Stored items from a collection
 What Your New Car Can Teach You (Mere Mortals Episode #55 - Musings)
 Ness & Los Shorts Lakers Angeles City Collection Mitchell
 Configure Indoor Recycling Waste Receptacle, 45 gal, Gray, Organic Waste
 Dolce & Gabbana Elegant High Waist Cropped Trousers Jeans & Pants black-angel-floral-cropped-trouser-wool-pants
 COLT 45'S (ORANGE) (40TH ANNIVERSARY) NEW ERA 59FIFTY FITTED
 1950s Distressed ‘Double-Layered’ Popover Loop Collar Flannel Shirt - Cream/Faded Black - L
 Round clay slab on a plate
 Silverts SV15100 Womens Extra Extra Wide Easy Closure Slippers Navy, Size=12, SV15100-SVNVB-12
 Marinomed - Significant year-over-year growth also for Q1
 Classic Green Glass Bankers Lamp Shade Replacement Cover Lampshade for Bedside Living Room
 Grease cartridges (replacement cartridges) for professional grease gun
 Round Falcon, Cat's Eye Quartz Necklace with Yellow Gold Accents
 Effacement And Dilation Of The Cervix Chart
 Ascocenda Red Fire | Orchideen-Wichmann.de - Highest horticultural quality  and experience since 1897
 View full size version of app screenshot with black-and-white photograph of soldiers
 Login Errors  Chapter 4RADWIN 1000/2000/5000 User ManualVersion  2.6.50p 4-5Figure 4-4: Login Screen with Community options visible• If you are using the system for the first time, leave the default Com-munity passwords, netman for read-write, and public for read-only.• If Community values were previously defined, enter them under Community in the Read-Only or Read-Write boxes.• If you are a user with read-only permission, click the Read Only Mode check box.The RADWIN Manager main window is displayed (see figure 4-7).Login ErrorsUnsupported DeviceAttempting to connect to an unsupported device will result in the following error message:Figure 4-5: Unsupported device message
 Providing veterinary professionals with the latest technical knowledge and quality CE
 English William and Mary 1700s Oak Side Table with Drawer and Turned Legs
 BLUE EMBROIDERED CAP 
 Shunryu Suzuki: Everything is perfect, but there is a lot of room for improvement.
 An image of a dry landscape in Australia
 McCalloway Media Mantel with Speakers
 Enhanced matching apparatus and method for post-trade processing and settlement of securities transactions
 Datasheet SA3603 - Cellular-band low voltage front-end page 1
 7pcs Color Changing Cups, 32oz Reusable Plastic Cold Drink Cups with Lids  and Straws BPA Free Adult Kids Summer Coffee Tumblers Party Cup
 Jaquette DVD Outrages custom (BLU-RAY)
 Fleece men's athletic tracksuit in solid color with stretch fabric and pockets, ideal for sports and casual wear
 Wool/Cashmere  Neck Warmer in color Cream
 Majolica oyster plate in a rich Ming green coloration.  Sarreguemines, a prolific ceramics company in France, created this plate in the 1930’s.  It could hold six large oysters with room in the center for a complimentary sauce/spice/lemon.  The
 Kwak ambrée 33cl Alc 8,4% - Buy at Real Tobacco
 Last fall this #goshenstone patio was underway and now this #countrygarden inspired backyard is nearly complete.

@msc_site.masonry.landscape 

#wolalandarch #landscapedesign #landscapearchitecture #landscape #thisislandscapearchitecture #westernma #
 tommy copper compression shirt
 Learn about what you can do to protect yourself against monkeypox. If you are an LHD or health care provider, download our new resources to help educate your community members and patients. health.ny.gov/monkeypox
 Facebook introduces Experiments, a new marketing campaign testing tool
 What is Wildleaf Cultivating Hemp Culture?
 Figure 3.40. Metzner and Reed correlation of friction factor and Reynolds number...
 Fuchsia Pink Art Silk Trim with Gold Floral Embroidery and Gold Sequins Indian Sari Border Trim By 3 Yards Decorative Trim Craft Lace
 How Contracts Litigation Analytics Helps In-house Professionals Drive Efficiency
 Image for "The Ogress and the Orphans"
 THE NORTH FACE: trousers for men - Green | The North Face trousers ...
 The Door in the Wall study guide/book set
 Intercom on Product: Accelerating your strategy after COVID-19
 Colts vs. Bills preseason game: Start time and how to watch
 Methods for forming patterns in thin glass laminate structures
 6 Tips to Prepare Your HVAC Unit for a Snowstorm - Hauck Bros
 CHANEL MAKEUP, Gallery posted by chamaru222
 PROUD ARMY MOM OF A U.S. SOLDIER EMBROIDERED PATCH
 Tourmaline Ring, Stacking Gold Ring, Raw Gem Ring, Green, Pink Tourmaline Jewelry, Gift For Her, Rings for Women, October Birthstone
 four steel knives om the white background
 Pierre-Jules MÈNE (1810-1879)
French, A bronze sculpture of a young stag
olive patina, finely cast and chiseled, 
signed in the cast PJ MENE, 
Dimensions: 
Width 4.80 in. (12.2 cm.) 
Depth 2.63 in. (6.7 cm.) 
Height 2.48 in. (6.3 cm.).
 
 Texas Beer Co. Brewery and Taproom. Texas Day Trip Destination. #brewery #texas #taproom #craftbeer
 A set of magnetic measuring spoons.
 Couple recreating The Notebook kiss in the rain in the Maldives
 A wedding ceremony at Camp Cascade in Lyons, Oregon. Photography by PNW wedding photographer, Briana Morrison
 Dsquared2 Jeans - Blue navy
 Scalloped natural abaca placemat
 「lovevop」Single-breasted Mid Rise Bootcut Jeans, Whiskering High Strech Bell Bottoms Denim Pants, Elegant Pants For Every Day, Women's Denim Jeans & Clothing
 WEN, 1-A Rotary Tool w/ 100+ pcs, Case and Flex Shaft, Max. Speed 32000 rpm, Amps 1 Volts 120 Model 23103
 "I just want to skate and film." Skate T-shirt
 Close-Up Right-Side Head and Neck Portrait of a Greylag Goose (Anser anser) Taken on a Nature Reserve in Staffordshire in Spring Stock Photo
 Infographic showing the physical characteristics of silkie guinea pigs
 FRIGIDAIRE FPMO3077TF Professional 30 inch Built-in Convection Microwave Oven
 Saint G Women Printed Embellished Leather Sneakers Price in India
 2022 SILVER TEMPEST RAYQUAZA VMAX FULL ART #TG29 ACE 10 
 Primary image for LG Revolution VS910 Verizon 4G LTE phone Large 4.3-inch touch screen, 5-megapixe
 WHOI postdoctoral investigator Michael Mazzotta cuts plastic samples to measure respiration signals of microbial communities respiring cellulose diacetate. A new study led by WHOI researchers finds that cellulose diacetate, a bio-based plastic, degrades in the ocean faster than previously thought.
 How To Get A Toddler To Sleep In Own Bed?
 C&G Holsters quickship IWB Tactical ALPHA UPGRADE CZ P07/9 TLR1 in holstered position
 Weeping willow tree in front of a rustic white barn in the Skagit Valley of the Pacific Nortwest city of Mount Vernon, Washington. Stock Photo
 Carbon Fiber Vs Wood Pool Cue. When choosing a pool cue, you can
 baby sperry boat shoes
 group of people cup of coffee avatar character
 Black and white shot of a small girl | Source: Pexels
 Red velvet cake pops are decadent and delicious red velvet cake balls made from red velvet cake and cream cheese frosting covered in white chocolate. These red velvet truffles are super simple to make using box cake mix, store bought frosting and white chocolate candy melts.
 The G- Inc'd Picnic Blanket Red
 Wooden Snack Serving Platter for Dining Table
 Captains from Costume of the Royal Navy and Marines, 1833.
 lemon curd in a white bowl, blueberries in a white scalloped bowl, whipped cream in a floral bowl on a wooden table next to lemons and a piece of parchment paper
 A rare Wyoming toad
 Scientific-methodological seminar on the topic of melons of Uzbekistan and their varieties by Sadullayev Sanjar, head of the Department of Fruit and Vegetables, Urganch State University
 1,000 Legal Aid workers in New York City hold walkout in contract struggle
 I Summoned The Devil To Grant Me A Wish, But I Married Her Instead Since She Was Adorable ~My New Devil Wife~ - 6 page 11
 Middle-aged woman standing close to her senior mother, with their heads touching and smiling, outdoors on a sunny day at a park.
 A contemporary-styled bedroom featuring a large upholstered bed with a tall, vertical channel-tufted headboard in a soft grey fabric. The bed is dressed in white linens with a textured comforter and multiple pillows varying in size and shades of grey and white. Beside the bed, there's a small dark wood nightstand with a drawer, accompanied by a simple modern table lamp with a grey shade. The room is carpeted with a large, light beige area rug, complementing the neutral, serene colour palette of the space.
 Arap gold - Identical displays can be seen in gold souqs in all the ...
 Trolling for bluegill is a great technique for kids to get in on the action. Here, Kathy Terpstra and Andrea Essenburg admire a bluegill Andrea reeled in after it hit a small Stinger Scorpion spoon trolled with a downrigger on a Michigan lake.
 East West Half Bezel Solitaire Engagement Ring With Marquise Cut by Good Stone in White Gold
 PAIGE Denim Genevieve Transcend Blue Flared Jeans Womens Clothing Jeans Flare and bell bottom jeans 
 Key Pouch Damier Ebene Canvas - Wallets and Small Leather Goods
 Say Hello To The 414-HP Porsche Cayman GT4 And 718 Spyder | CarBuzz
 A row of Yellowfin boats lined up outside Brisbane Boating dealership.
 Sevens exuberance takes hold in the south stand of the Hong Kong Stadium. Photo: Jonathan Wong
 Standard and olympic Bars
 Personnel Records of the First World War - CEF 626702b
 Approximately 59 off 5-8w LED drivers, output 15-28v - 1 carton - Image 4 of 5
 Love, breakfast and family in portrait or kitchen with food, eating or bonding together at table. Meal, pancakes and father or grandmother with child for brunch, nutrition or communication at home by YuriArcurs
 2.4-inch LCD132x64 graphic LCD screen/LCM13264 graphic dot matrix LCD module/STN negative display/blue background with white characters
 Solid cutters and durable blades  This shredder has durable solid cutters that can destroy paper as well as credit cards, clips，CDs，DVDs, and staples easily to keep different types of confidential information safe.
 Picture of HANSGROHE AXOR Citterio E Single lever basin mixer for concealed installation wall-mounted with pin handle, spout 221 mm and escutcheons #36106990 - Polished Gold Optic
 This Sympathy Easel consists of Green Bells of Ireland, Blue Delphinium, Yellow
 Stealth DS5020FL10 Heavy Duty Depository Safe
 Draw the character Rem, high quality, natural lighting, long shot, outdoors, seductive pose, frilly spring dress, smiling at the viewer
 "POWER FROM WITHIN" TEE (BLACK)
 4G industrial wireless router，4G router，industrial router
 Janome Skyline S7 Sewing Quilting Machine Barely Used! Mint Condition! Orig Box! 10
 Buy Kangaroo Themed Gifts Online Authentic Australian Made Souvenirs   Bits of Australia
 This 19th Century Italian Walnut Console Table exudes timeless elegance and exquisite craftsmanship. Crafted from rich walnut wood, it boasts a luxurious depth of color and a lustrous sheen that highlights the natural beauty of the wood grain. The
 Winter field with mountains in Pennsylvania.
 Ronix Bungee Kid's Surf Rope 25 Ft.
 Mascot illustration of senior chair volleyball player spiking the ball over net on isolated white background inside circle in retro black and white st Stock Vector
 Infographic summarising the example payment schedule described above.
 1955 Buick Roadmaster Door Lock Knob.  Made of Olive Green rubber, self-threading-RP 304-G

Task prompt: Only the lines above from the one with "Ronix Bungee Kid's Surf Rope 25 Ft." through the one with "Infographic summarising the" should be duplicated, character for character.

Completed exercise:
 Ronix Bungee Kid's Surf Rope 25 Ft.
 Mascot illustration of senior chair volleyball player spiking the ball over net on isolated white background inside circle in retro black and white st Stock Vector
 Infographic summarising the example payment schedule described above.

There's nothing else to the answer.